EXERCISE DIRECTIONS = For this exercise, retype the lines from the one that holds "Pleo Website #webdesign #website #uidesign" through the one that holds "by @RetinaiPadWalls on twitter.jpg" in the records below, both included, exactly and without pictures.

AVAILABLE DATA =
^^^^^^^^
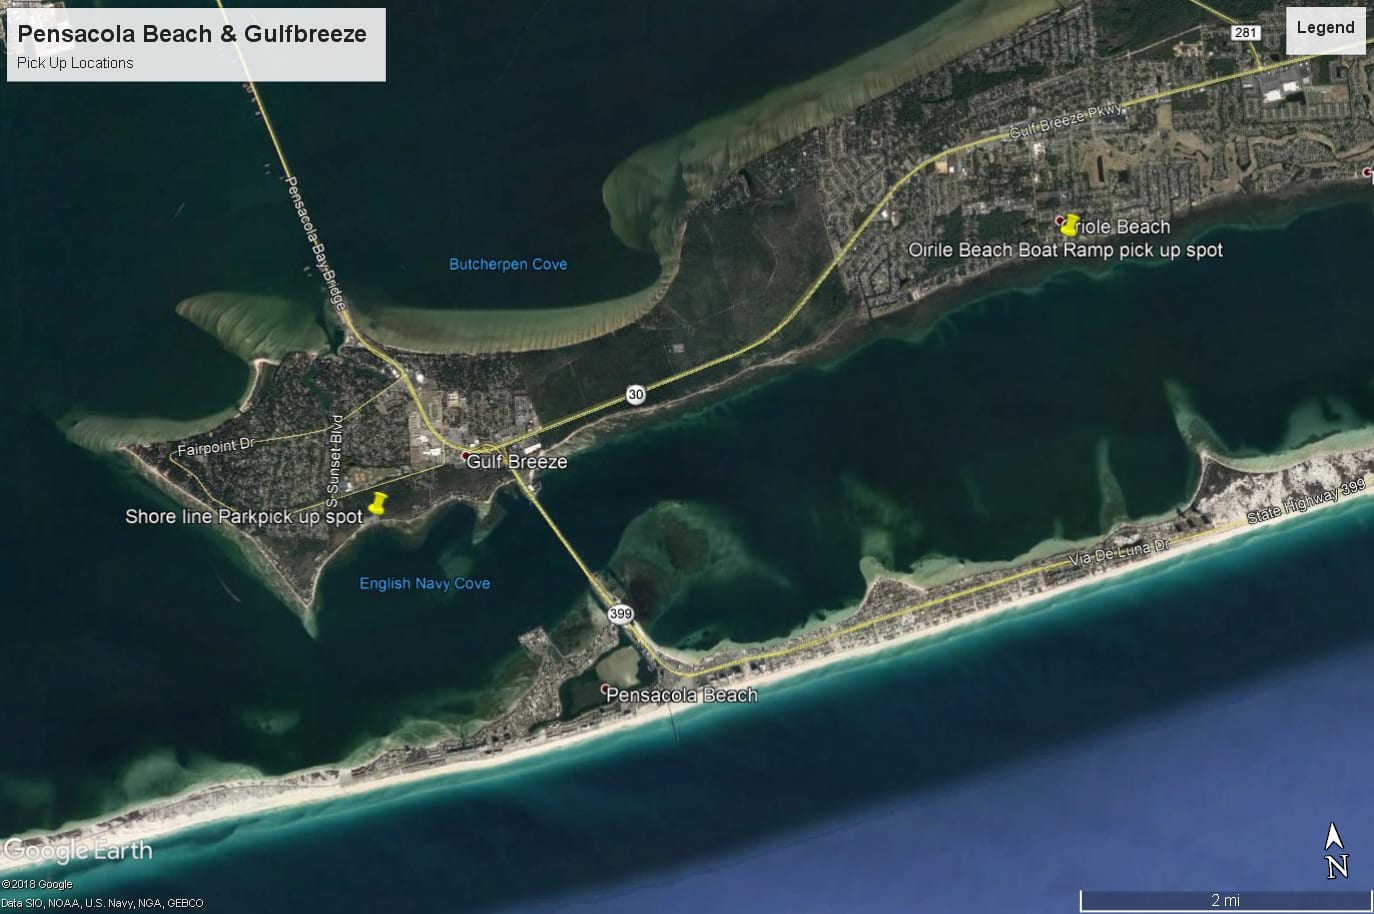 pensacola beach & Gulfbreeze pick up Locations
^^^^^^^^
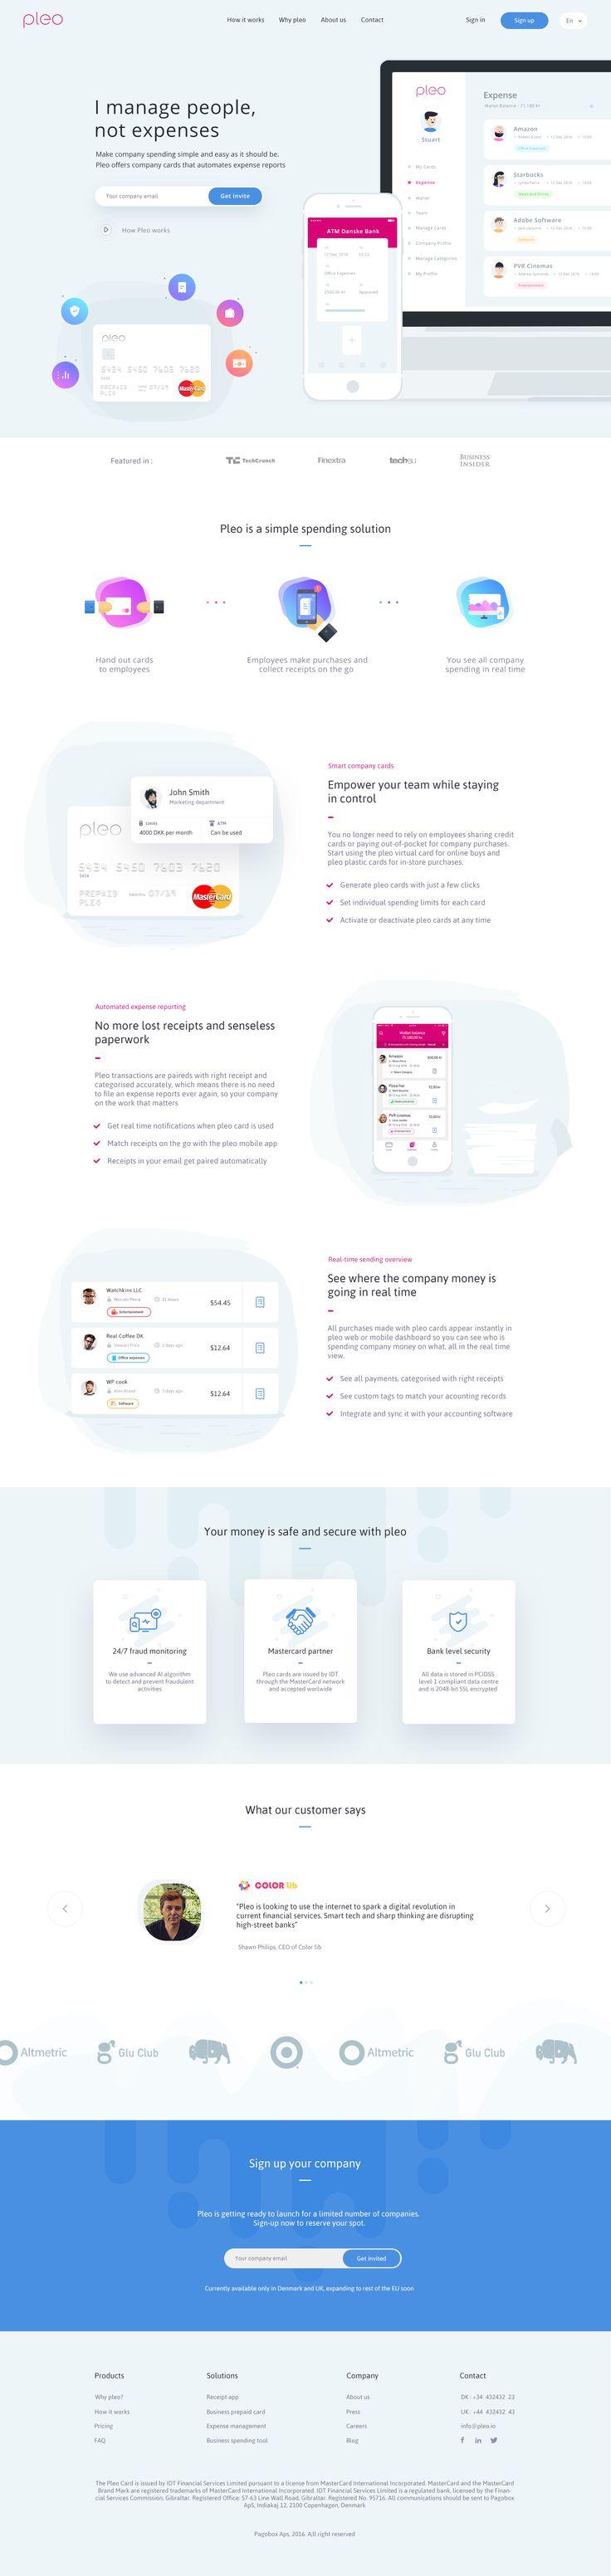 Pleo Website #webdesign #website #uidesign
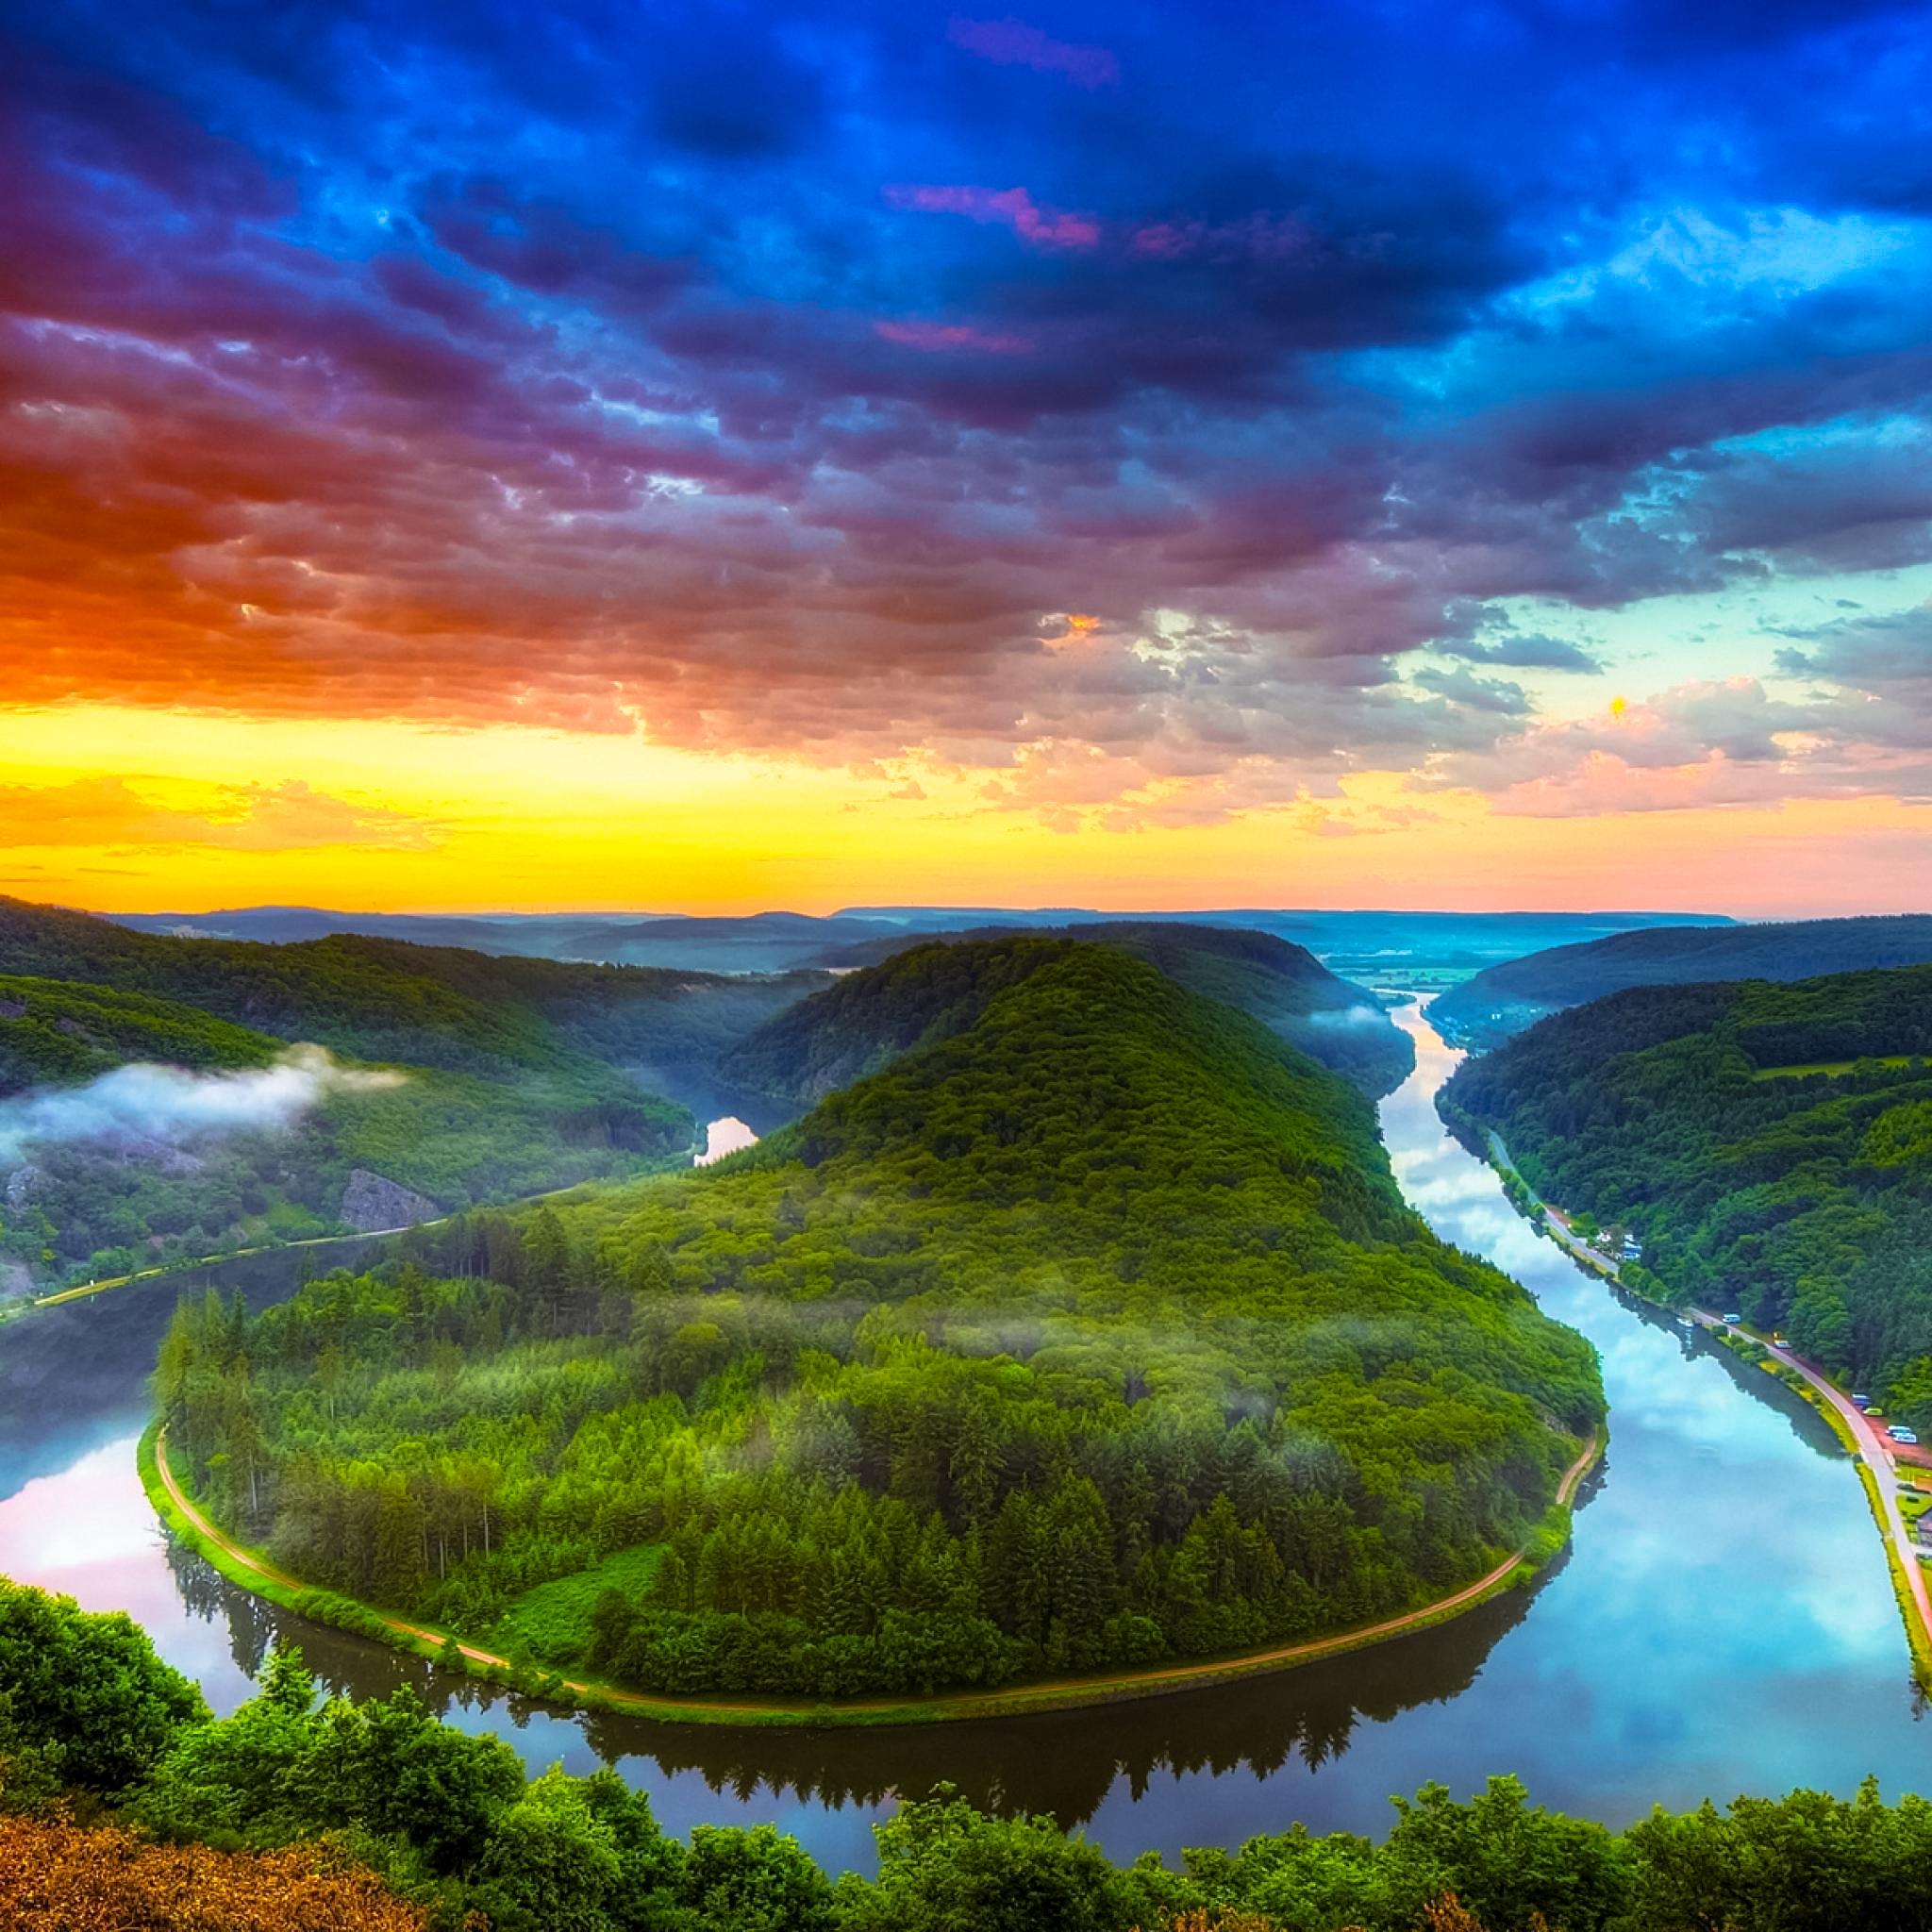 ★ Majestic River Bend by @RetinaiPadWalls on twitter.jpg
^^^^^^^^
RESPONSE TO THE EXERCISE =
 Pleo Website #webdesign #website #uidesign
 ★ Majestic River Bend by @RetinaiPadWalls on twitter.jpg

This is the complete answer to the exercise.